Produit à l'époque où le top de la hype sur Internet c'était d'avoir une page Myspace et de chatter avec ses potes sur MSN, Eagle Eye préfigure plutôt bien ce qui s'est depuis plus ou moins matérialisé grâce à nos gouvernements paranoïaques et à nos bienveillantes multinationales. En amorçant la concrétisation du projet, Steven Spielberg a bien saisi tout le potentiel de ce scénario aux fortes inspirations orwelliennes. C'est pourtant à D.J. Caruso qu'il confie la réalisation, sans doute conscient qu'Eagle Eye manque d'envergure pour s'insérer dans sa propre filmographie.
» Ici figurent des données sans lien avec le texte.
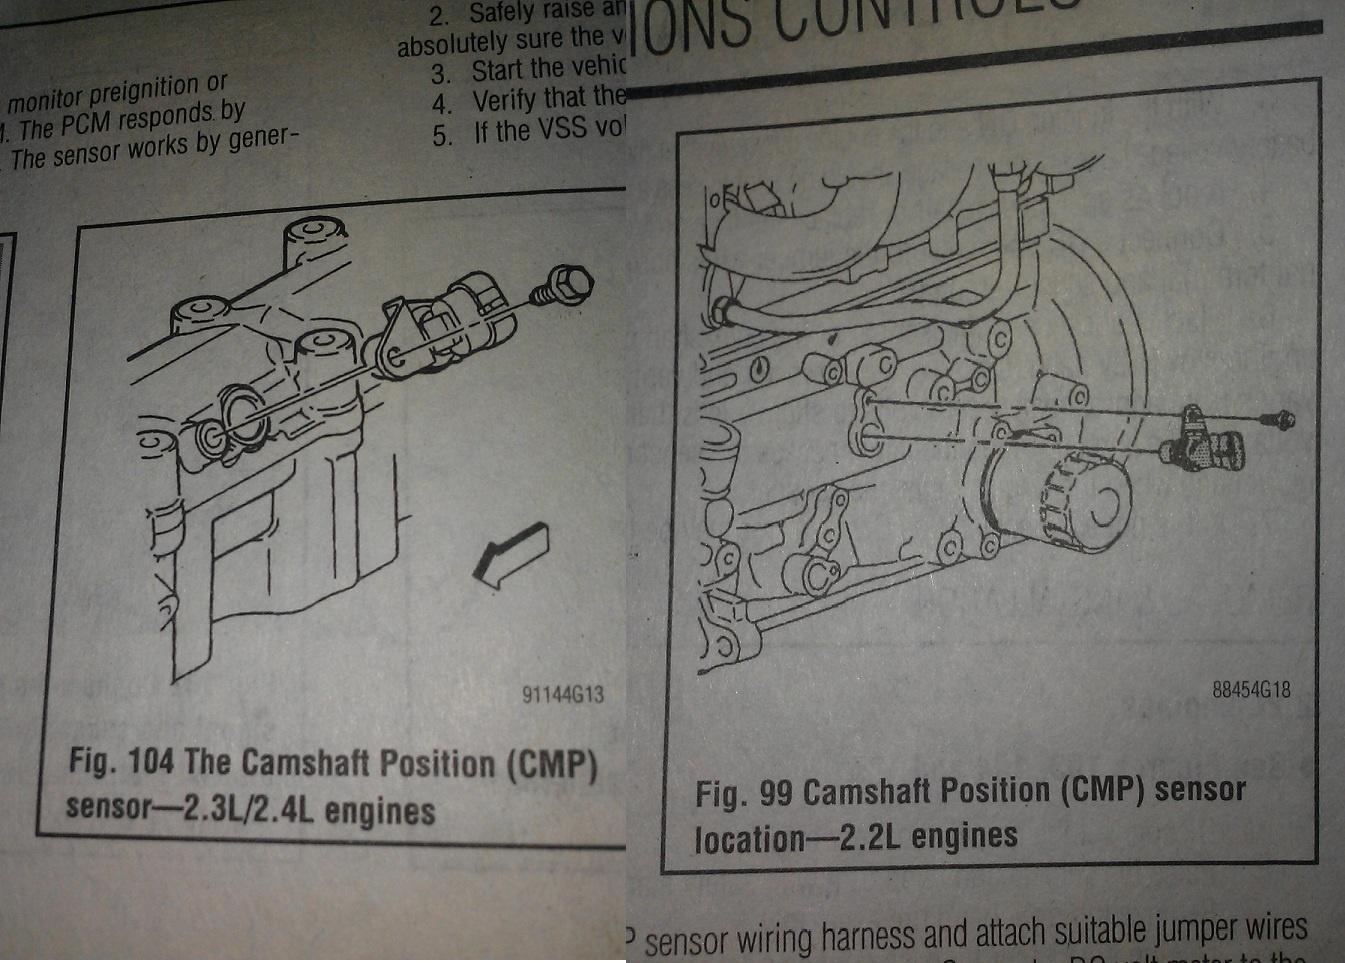 BA_5626] 2001 Pontiac Sunfire Transmission Wiring Diagram Free Diagram | 99 Pontiac Sunfire Engine Diagram |  | Gresi Subd Oupli Weasi Getap Mohammedshrine Librar Wiring 101

Choix judicieux puisque Caruso exploite avec brio les idées les plus intéressantes du scénario, tout en masquant ses failles sous un déluge d'action échevelée. Eagle Eye est plutôt prévisible, abuse de son postulat (ARIA parvient à manipuler à distance des équipements qui ne sont pas censés être connectés...), mais on le remarque finalement peu, car le spectacle et les moments de tension dégagent une efficacité à toute épreuve. A l'image du duo Shia LaBeouf / Michelle Monaghan, d'autant plus que les scénaristes ont eu le bon goût de ne pas leur imposer une romance hors de propos.
A côté de ça il y a aussi des sorties de route un peu moins pardonnables, comme le discours final du Ministre de la Défense, d'une aberrante hypocrisie. Ca, pour le coup, c'est de la vraie science-fiction, car on devra sans doute attendre quelques millénaires avant d'entendre le chef des armées américaines plaider pour la sauvegarde des libertés au détriment de la sécurité... Ou comment sacrifier un peu de crédibilité dans le seul but de rendre le message du film réellement explicite (mais sérieusement qui n'avait pas encore compris ?...).
Le Big Brother sauce Dreamworks accouche donc d'un honnête divertissement du dimanche soir, plus musclé que cérébral, parfois très générique (la BO est d'un ennui...) voire maladroit, mais encore une fois franchement efficace. Et c'est à peu près tout ce qu'on lui demandait.